Please don’t misunderstand—2016 also brought me more than my fair share of goodness: a new, exciting job; wonderful, enduring friendships; a joyous baptism; a move into the prettiest Nashville cottage; a trip to India where I had the chance to live and love in a City of Joy…
In 2016, I made choices that changed my life.
I made little dreams into big realities.
I made mistakes.
I was beloved.
I was humbled.
I was brave and sad and vibrant and foolish.
I loved fiercely. I took chances, and I learned so much about my own, tender heart.
Yet, 2016 was a year that started out as a fight to become the woman I want to be and ended with me feeling adrift. And so, I was relieved to kiss one of the hardest years of my life goodbye when the clock struck midnight.
Now, as I face this new year, I’m reminded of one of my favorite verses from the Book of Psalms:
“Yes, my soul, find rest in God;
my hope comes from him.”
I need that reminder as much now as ever, because I no longer want to feel adrift. At some point in the last few months, I weighed anchor without meaning to and drifted as a result. It may not have been far off course, but it was enough to make me feel weightless and confused as I tried to navigate in uncharted territory.
Who do I want to be in this new year?
Truthfully, I want to be the woman I have glimpsed so often in the past, and the one I see so clearly in my future:
I want to be strong.
I want to be courageous.
I want to laugh without fear of the future.

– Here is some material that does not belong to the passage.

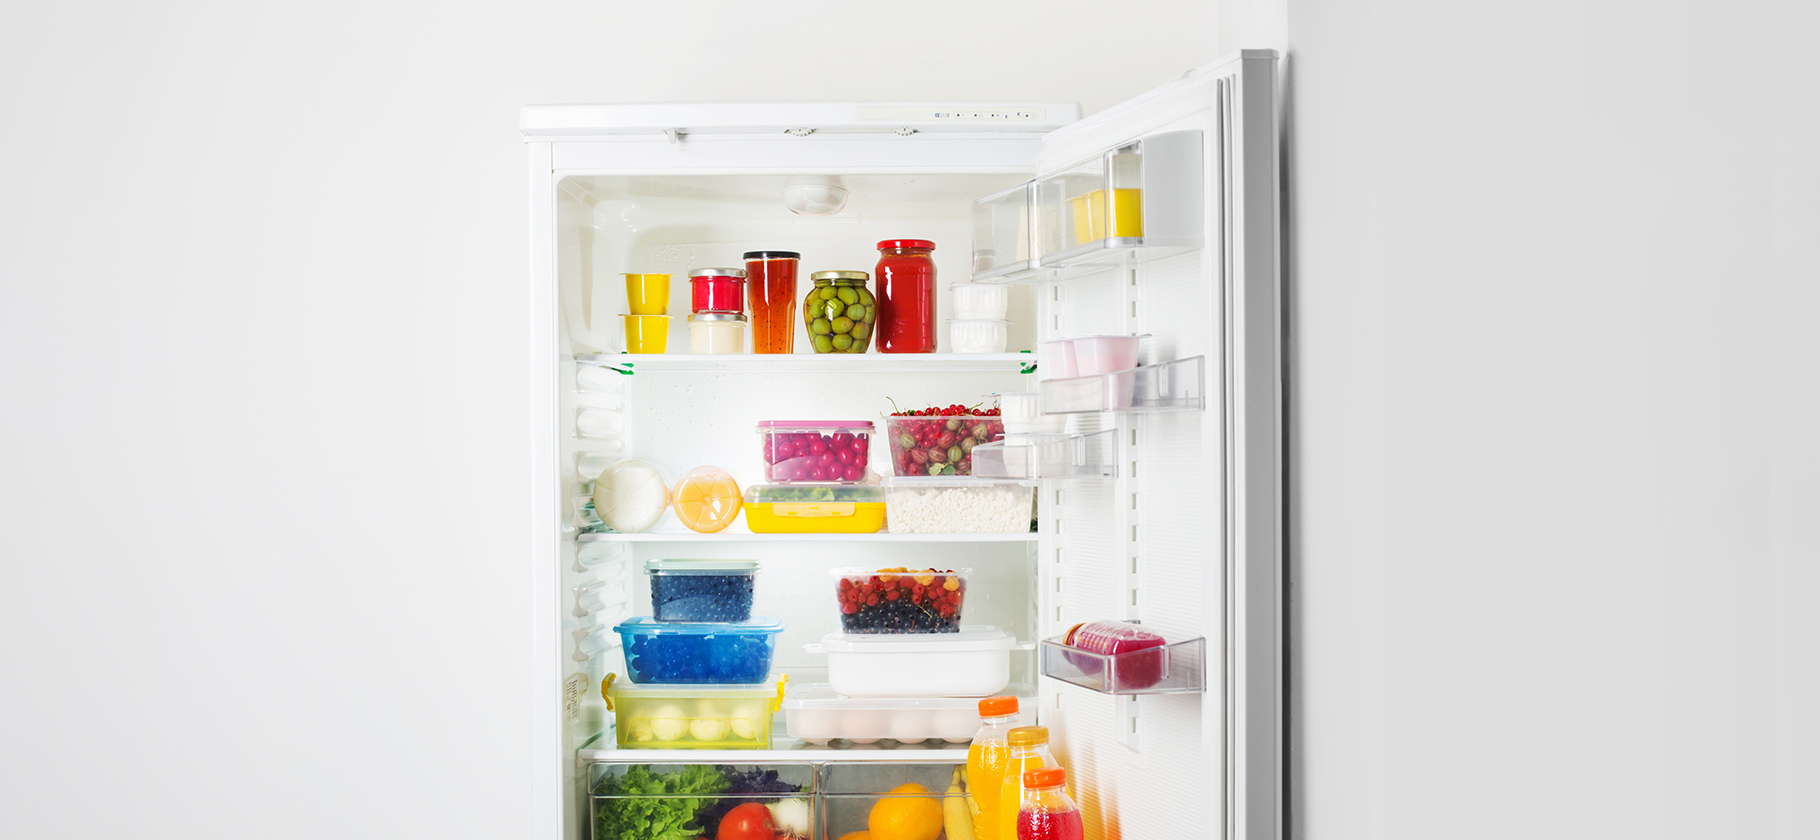 «Яйца нужно хранить на полке дверцы» и еще 6 мифов о хранении в холодильнике

I want to be kind in a world where that is not very valuable.
I want to love deeper than I ever have before.
And more than anything, I want to be able to do all of these things because I have rested in the Lord.
One of the best lessons of the past year was realizing that I cannot give without receiving. What I mean is, I cannot love how I want to love without first being loved by my God, who delights in me. And I have to seek Him in order to be reminded just how deep His love for me runs. I think that is the rest Psalm 62 describes: the complete and utter contentment that comes when a heart knows it is valued above all else.
In 2017, I intend to find that rest.
The poet Nikki Giovanni has this beautiful quote. I wrote it down on a spare piece of paper and taped it to my bathroom mirror on New Year’s Eve, right next to Psalm 62:5. It reads:
“We are better than we think and not quite what we want to be. We are alive to the imaginations and the possibilities.”
Every morning this year, as I stare at the woman I want to be, she’ll be surrounded by David’s and Nikki’s poetry. And I’ll think of these words as I continue to fight, continue to love, continue to seek God so I can grow into the woman He is shaping me to be.
Because I am alive to the imaginations and possibilities of becoming her, and my hope comes from Him.